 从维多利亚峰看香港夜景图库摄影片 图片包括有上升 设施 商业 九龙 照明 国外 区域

...

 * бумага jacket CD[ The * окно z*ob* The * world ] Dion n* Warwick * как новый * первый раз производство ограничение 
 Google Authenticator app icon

...

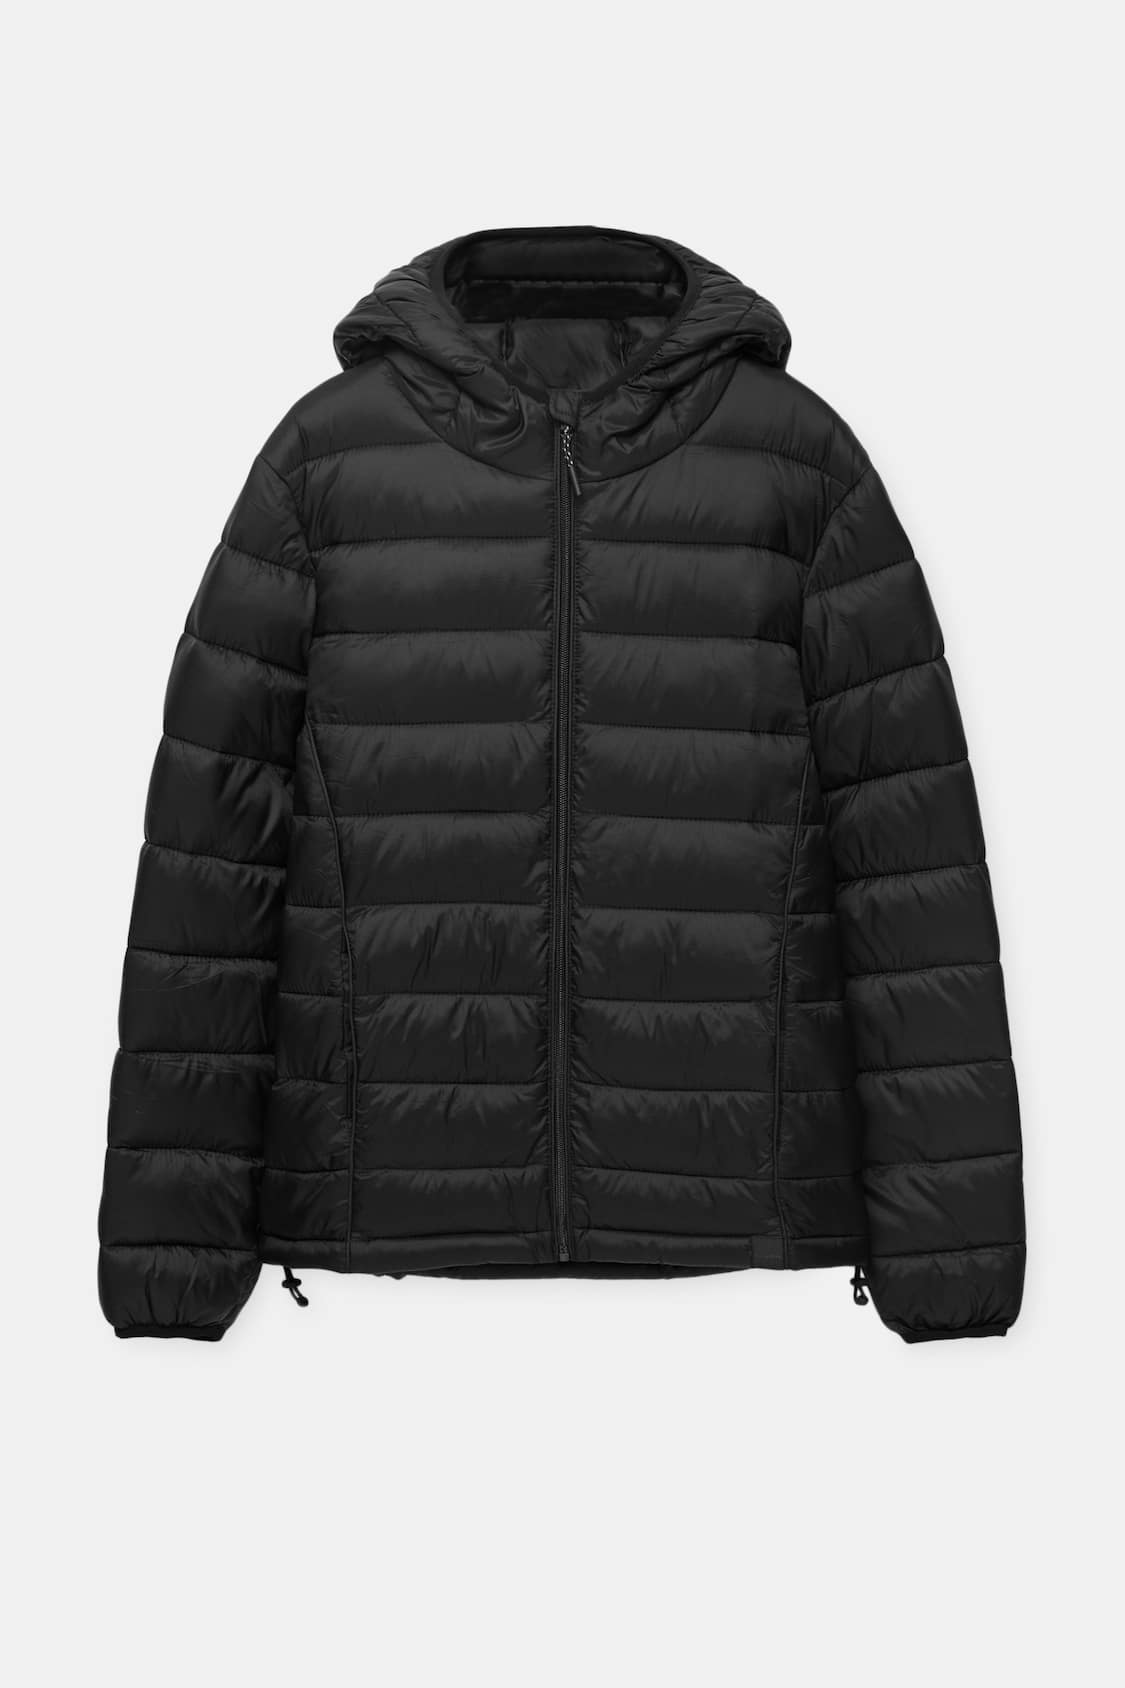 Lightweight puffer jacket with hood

## BRIEF
In the listing above, find the line with "раз производство ограничение" and the line with "Google Authenticator app icon". Output those two lines and every line between them, exactly as written.

## PROBLEM SOLUTION
 * бумага jacket CD[ The * окно z*ob* The * world ] Dion n* Warwick * как новый * первый раз производство ограничение 
 Google Authenticator app icon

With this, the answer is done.